Segment Start: Dataset section

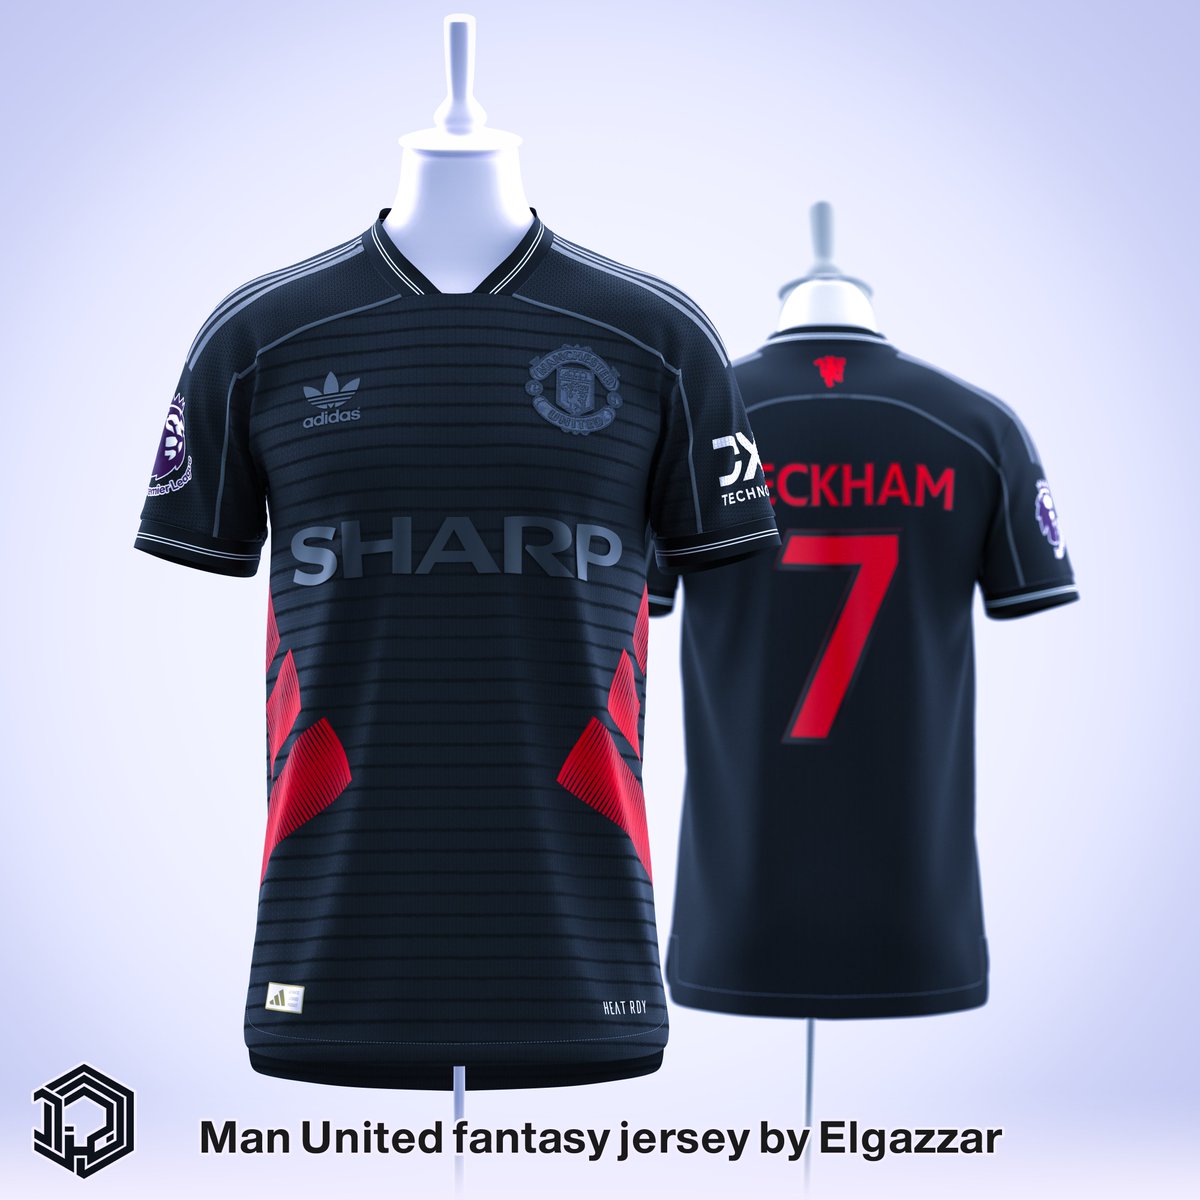 Manchester United
fantasy jersey
@CLO3D @ManUtd_AR @adidas @adidasoriginals @adidasfootball @RedDevils_TR

Segment End: Dataset section

▸ Problem to work on
All lines starting at the one holding "fantasy jersey" and ending at the last line above must be output exactly, and no other line may appear.

▸ Result
fantasy jersey
@CLO3D @ManUtd_AR @adidas @adidasoriginals @adidasfootball @RedDevils_TR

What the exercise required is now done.